Multicellular organisms maintain homeostasis of the internal milieu for optimal cellular functioning. This includes homeostasis of electrolyte concentrations, osmolality and pH. The kidney plays a central role in the maintenance of homeostasis through the regulation of transepithelial ion transport, the vectorial movement of water and ions across membranes. We study this process in the renal tubules of the fruit fly, Drosophila melanogaster. We have demonstrated a role for a chloride channel, bestrophin-1, in this process. We have also found that at the whole organism level, loss-of-function mutations in bestrophin-1 cause flies to die more quickly than wild-type when they are fed a high-salt diet. Ion transport occurs across different parts of the fly renal tubule, including the main segment and the lower segment, and also across the hindgut. Bestrophin-1 is expressed in all of these tissues. We would like to find out where bestrophin-1 is required in order for flies to survive on a high-salt diet. This will help us learn about ion transport processes important in iono- and osmoregulation. Perturbations of these processes in humans lead to electrolyte disorders, tonicity disorders and high or low blood pressure, which are frequent problems encountered in clinical practice that lead to patient morbidity and mortality.
Our SPUR student will have a hands-on role in this project. First, the student will perform the necessary fly crosses to generate the flies needed for testing in experiments. The goal of this is to generate flies which have a mutation in bestrophin-1 throughout the whole fly, and express wild-type bestrophin-1 in specific tissues, such as the main or lower segment of the tubule, or the hindgut. Conversely, we have tools to knock down the bestrophin-1 gene in these specific tissues. Then, the student will study how quickly the bestrophin-1 mutants die on high-salt food compared to controls. This is a straightforward assay that was successfully performed by undergraduates in a physiology class last year. The student may also test whether bestrophin-1 mutants eat and drink normally. Data will be analyzed using GraphPad Prism and the student will be guided through statistical analysis and data presentation.
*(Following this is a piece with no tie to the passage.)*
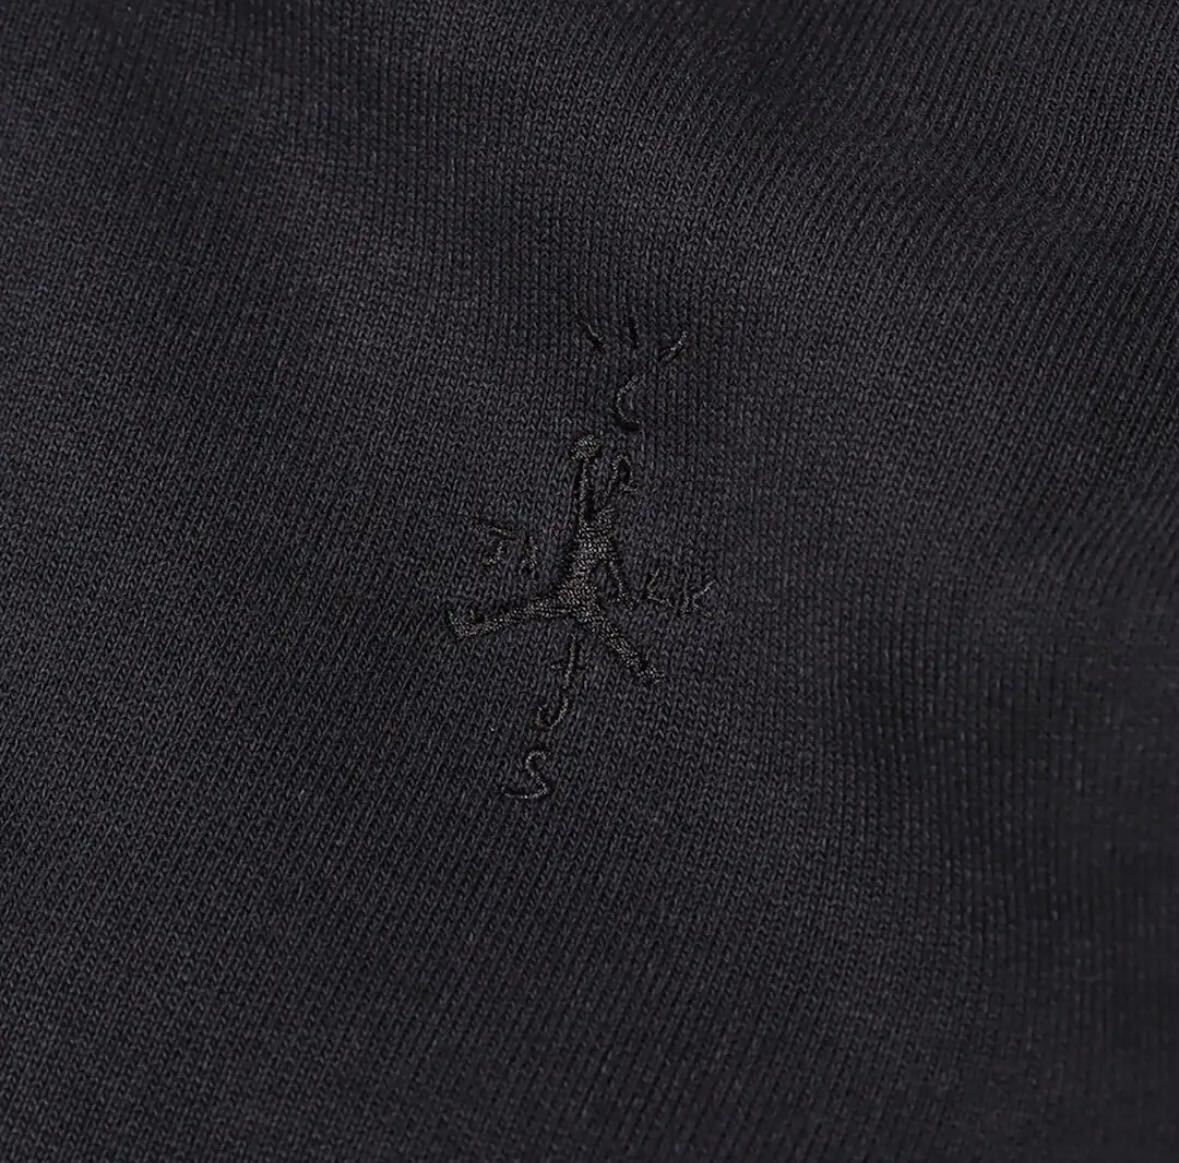 【送料無料】Nike Jordan x Travis Scott Men's Full-Zip Hoodie Black フルジップパーカー M 新品_画像4

Our SPUR student will learn about Drosophila genetics and the physiology of salt and water handling in both insects and mammals. The student will have the opportunity to plan and perform experiments, and analyze and present data. Together with data we already have in the lab on this project, we expect the results of these experiments to be published, and the student may wish to get involved in preparing figures for publication and in manuscript preparation (although this may happen after the summer is over). This is a great opportunity to get a hands-on feel for a basic science lab, and is appropriate for students who are considering a future career in a life sciences setting, graduate school in the biological sciences, medical school, or simply want to try out research.
College of Medicine
Molecular Biology Program
My mentoring philosophy is to get students as involved as possible in everything going on in the lab. That is the best way to learn! Our SPUR student will be paired with a more experienced lab member in order to get lots of hands-on help, and everyone in our lab is generally friendly, helpful and willing to teach. We have lab meeting every Friday, and the student will have the opportunity to learn about what others in the lab are working on, and also to share their progress on the project. The student will also have regular meetings with me (the PI) to discuss their progress. I am also happy to discuss students' shorter and longer term goals (for example, graduate or medical school) and help guide them as they try to reach these goals. Additional mentoring activities will be tailored to these goals.